The Manager shall provide the Subadviser with
a copy of the Portfolio's agreement with the custodian
designated to hold the assets of the Portfolio (the
"Custodian") and any modifications thereto (the "Custody
Agreement"). The assets of the Portfolio shall be
maintained in the custody of the Custodian identified in,
and in accordance with the terms and conditions of, the
Custody Agreement (or any sub-custodian properly
appointed as provided in the Custody Agreement). The
Subadviser shall provide timely instructions directly to the
Custodian, in the manner and form agreed upon by the
Manager, the Subadviser and the Custodian, as necessary to
effect the investment and reinvestment of the Portfolio's
assets. The Subadviser shall have no liability for the acts
or omissions of the Custodian.
4. Expenses. Except for expenses specifically assumed or
agreed to be paid by the Subadviser pursuant hereto, the
Subadviser shall not be liable for any expenses of the
Manager or the Fund including, without limitation, (a)
interest and taxes, (b) brokerage commissions and other
costs in connection with the purchase or sale of securities
or other investment instruments with respect to the
Portfolio, and (c) Custodian fees and expenses. The
Subadviser will pay its own expenses incurred in furnishing
the services to be provided by it pursuant to this
Agreement.
5. Purchase and Sale of Assets.
The Subadviser shall place all
orders for the purchase and sale of securities for the
Portfolio with brokers or dealers selected by the
Subadviser, which may include brokers or dealers affiliated
with the Subadviser, provided such orders comply with
Section 17 and Rule 17e-1 (or any successor or other
relevant regulations) under the 1940 Act in all respects. To
the extent consistent with applicable law and then-current
SEC Positions, purchase or sell orders for the Portfolio may
be aggregated with contemporaneous purchase or sell
orders of other clients of the Subadviser. The Subadviser
agrees that, in executing portfolio transactions and selecting
brokers or dealers, if any, it shall use its best efforts to seek
on behalf of the Portfolio the best overall terms available.

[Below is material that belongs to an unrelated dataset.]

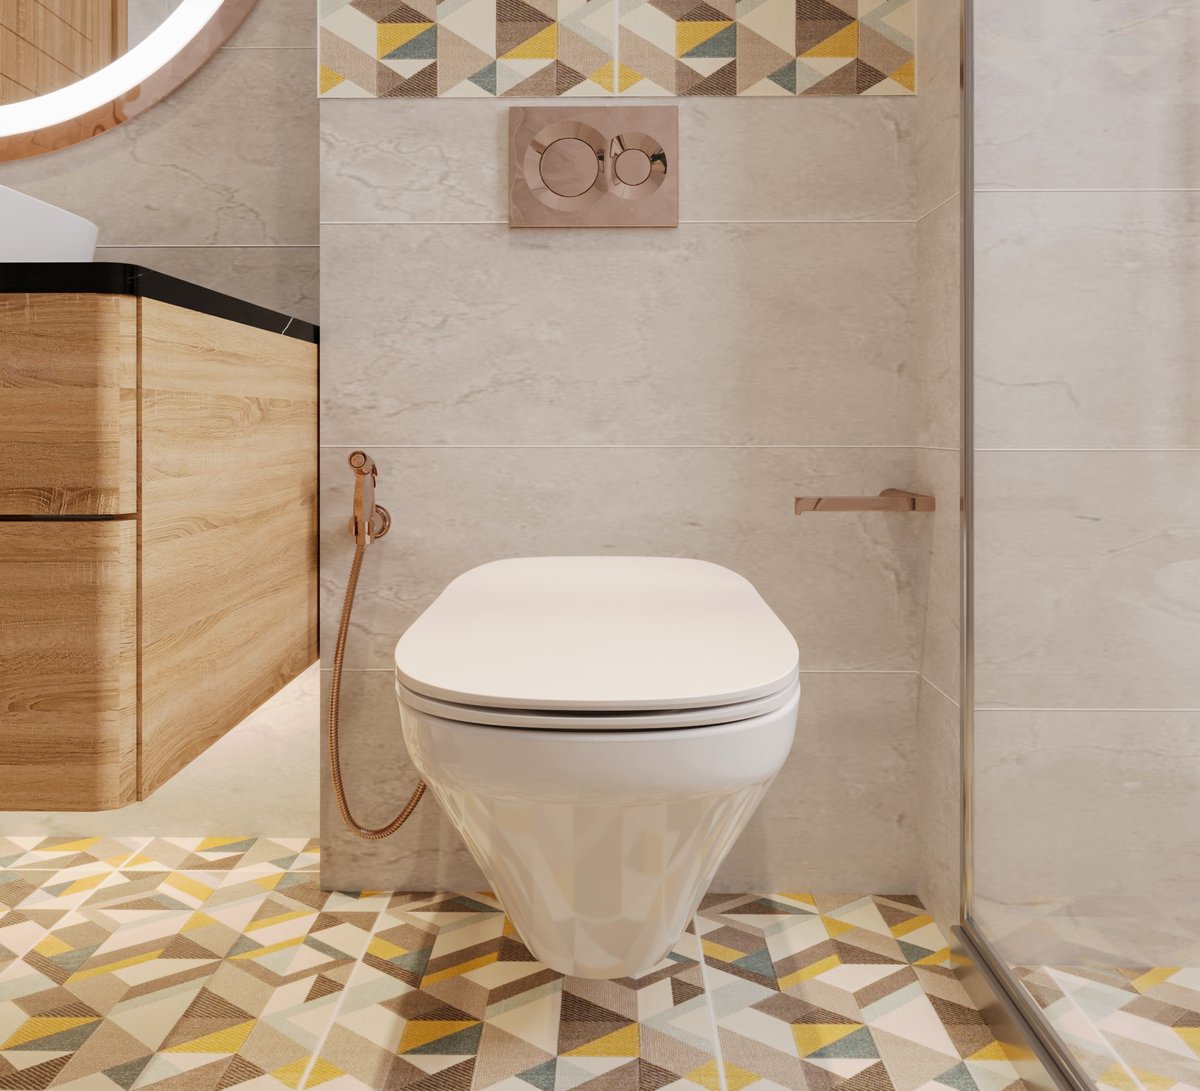 Imagine a bathroom that makes you feel like walking into an art gallery. That's what the magic of #KohlerBoldLook is all about. Take a look at this wonderful setup. #Kohler #KohlerIndia #BathroomDecor #DecorInspo #LuxurySpaces #LuxuryLifestyle #BathroomDesign #HomeDecor

In assessing the best overall terms available for any
transaction, the Subadviser shall consider all factors it
deems relevant, including the breadth of the market in and
the price of the security, the financial condition and
execution capability of the broker or dealer, and the
reasonableness of the commission, if any, with respect to
the specific transaction and on a continuing basis. In
evaluating the best overall terms available, and in selecting
the broker or dealer, if any, to execute a particular
transaction, Subadviser may also consider the brokerage
and research services (as those terms are defined in Section
28(e) of the Securities Exchange Act of 1934, as amended
("1934 Act")) provided to the Subadviser with respect to
the Portfolio and/or other accounts over which the
Subadviser exercises investment discretion. The
Subadviser may, in its discretion, agree to pay a broker or
dealer that furnishes such brokerage or research services a
higher commission than that which might have been
charged by another broker-dealer for effecting the same
transactions, if the Subadviser determines in good faith that
such commission is reasonable in relation to the brokerage
and research services provided by the broker or dealer,
viewed in terms of either that particular transaction or the
overall responsibilities of the Subadviser with respect to the
accounts as to which it exercises investment discretion (as
such term is defined in Section 3(a)(35) of the 1934 Act).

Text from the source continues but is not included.